In Resident Evil Village, the suspense is given greater impact by the implementation of binaural audio. As you navigate through this game you use sound localisation to discover new items, determine the direction of enemies, and feel a sense threat and foreboding as the environment around you creaks and shudders.


The use of binaural audio in this game is perhaps one of the strongest examples I could think of, mainly because of the scarceness of sound. Although, this may not sound particularly complementary, it has been found that localisation performance decreases with an increasing number of competing sound sources (Brungart, D. S., Simpson, B. D., & Kordik, A. J, 2005; Roginska, A. and Geluso, P., 2018). Therefore, binaural audio thrives in situations where there are fewer sound sources.


Issues with HRTF’s

The problem with HRTF’s is that the everyone has different ear and head shapes, which means that everyone has their own unique way of hearing. This provides one major problem in making binaural a viable and accessible commercial product, as there is no one-size fits all approach to HRTF’s.

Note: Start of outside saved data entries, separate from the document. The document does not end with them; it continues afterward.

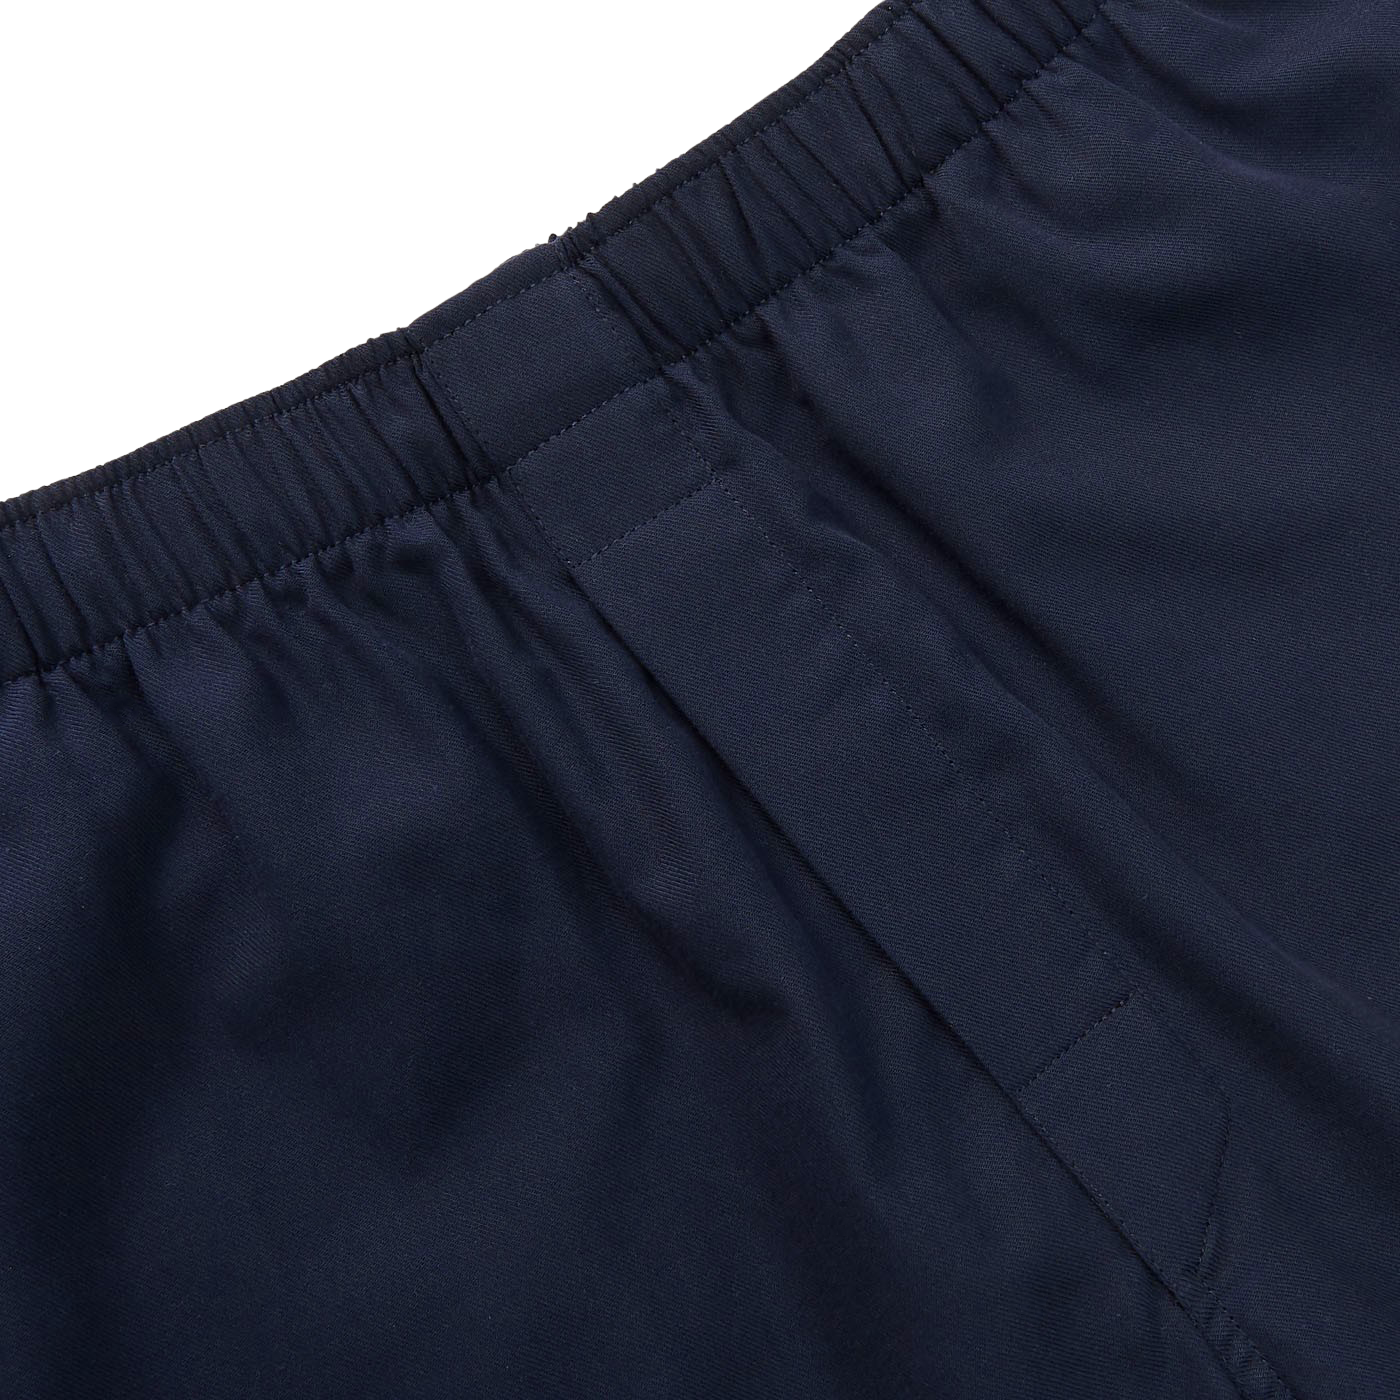 Sunspel Navy Blue Cotton Twill Pyjamas Trousers Zipper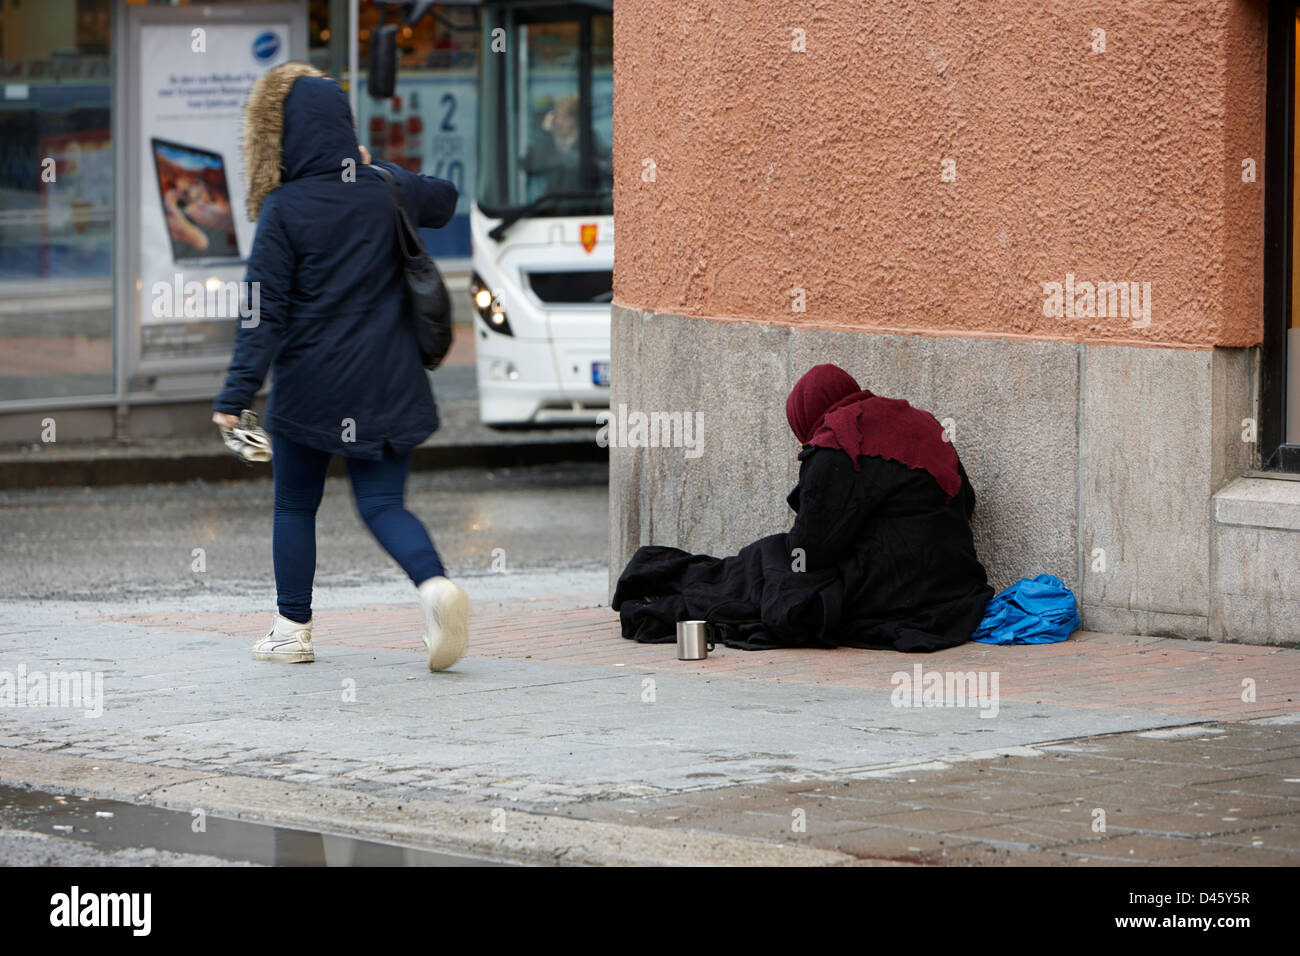 begger on cold winter street Tromso troms Norway europe Stock Photo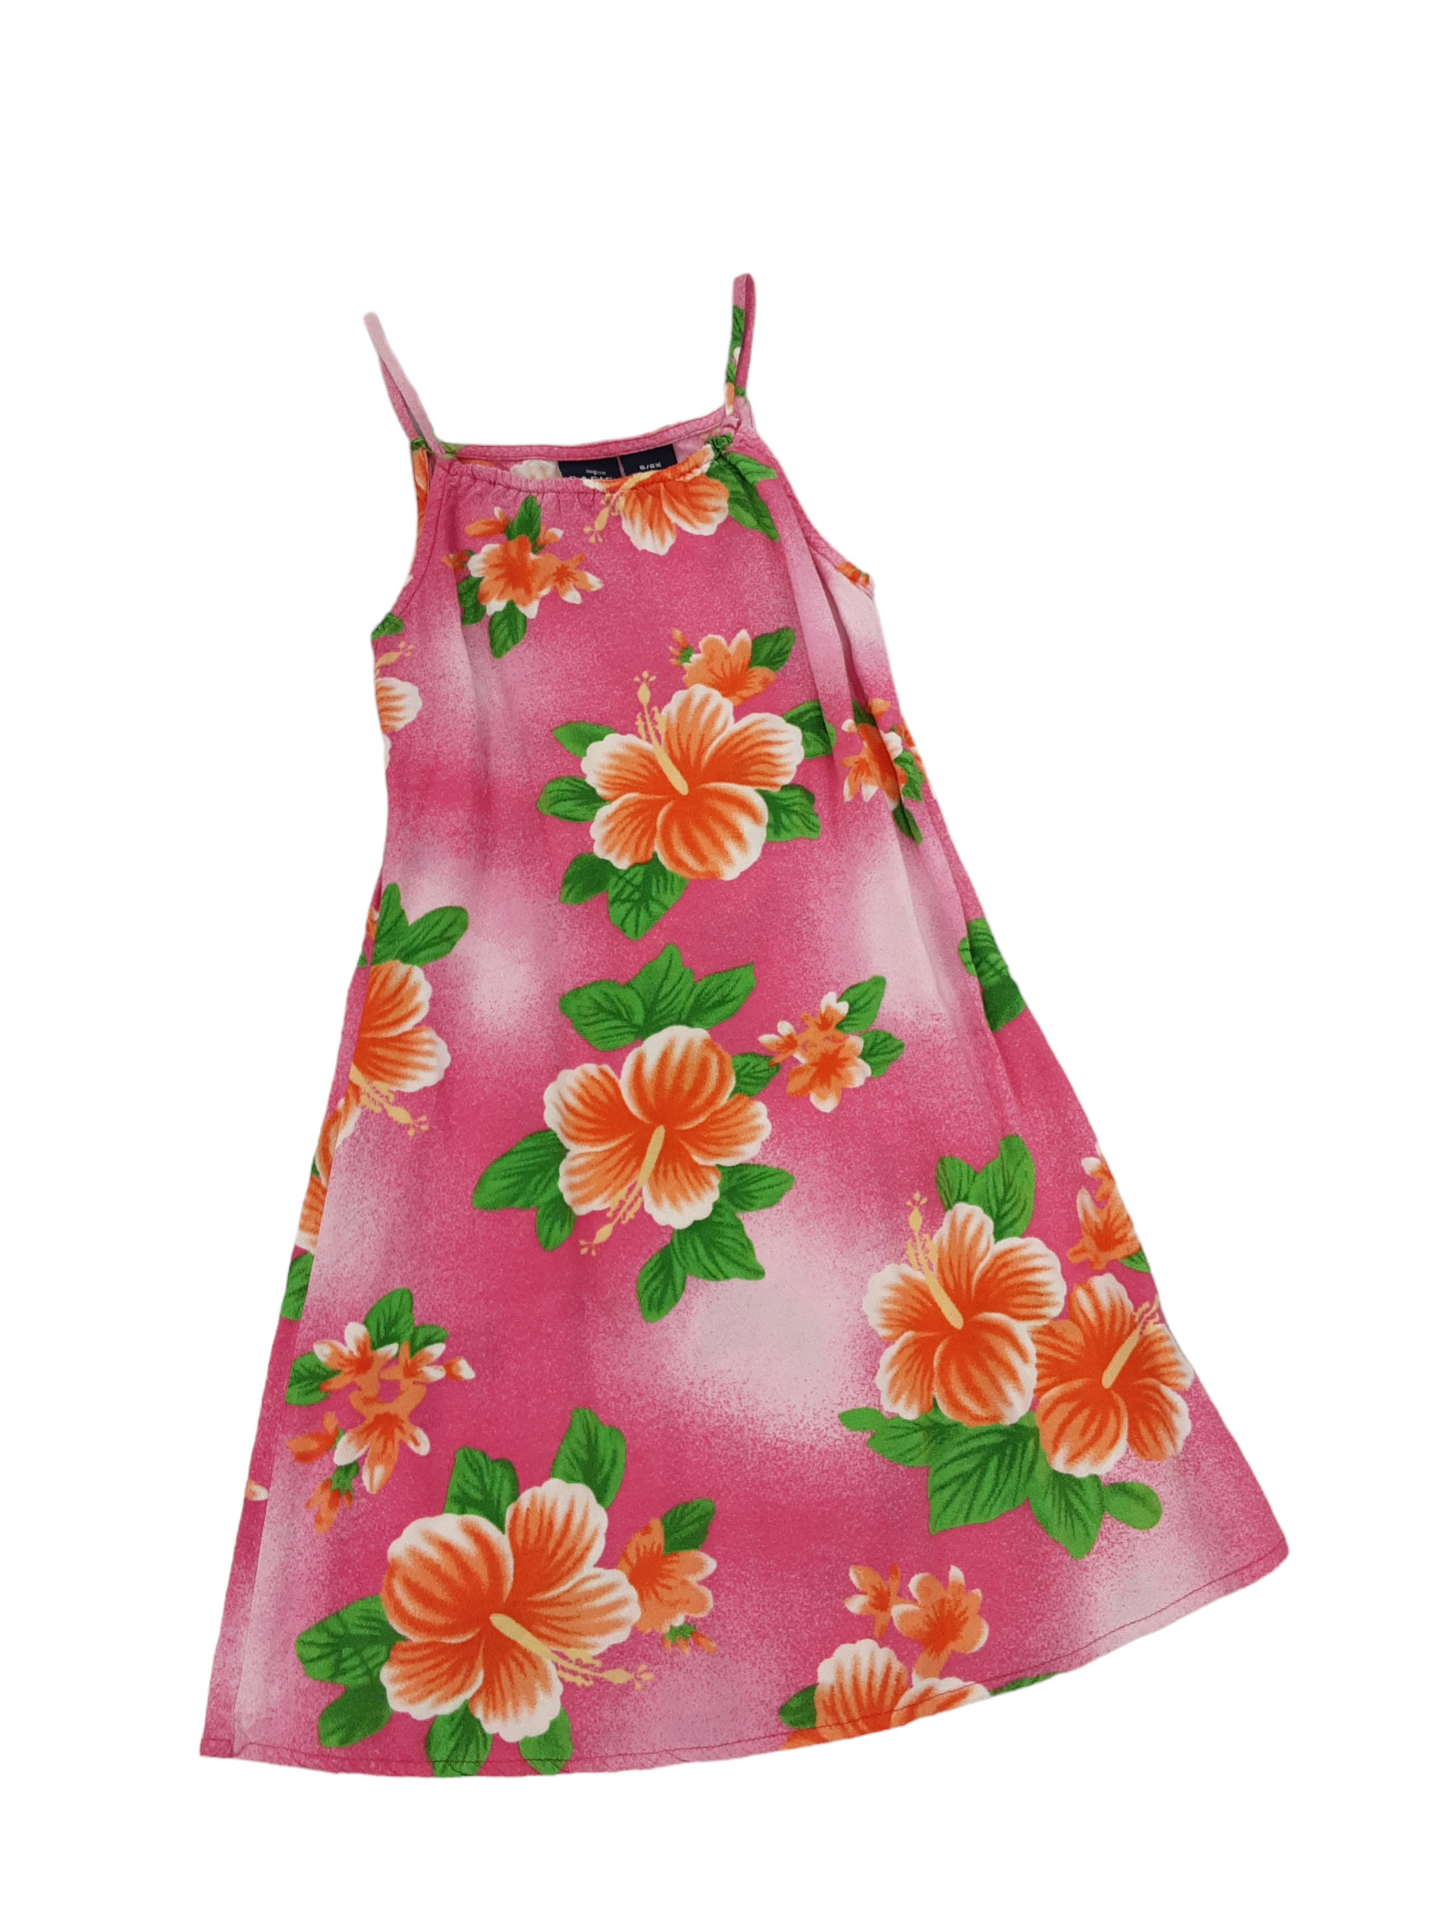 Size 6/6x soft floral dress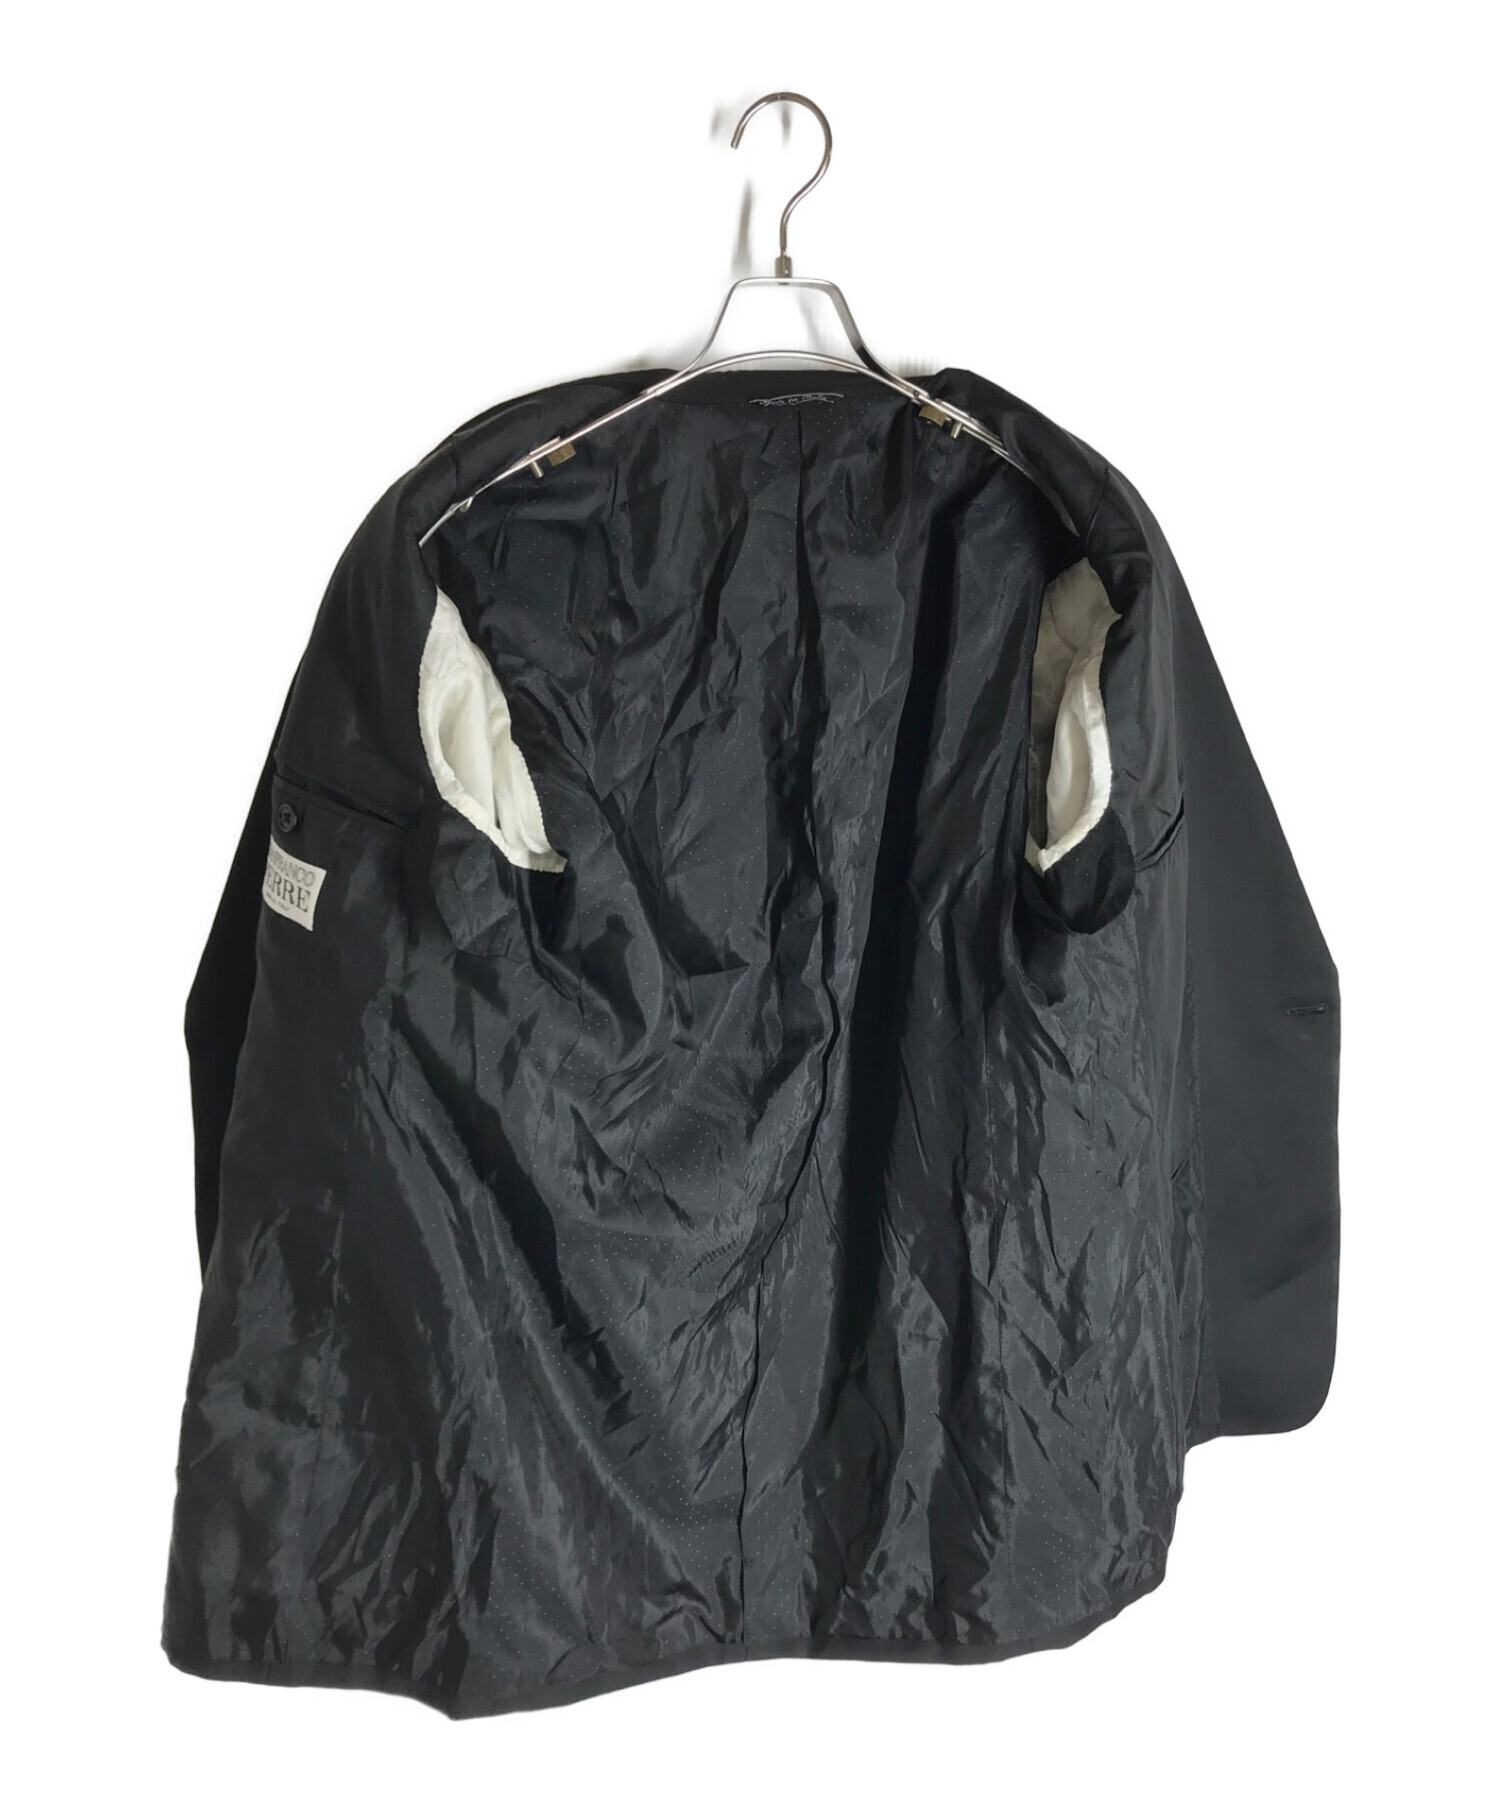 GIANFRANCO FERRE (ジャンフランコフェレ) セットアップスーツ ブラック サイズ:M

The Kemar microphone (shown above) is a popular dummy-head that is used for creating generic HRTF’s, as it modelled from average ear dimensions- however, these are still far from perfect. Poorly matched HRTF’s often lead to issues in the perception of sound sources, including hearing the direction of sound back to front (front-back confusion), and feeling like the sound is coming from within the head instead of outside of the head ('Poor Externalisation') (Guezenoc & Séguier, 2018).


The most obvious approach to this problem is to take personal HRTF sets for people. This however is clearly not practical, as gathering HRTF’s is a time-consuming process that requires specialist equipment. Therefore, major companies including Sony, Dolby, and Steinberg have been exploring alternative ways of generating personalised HRTF’s for consumers.


Some methods involve pairing HRTF’s from large datasets to a individual using photographs of their ears; numerically generating HRTF’s from a 3D scans of the head; and allowing the individual to choose appropriate HRTF’s based on perceptual feedback (Guezenoc & Séguier, 2018).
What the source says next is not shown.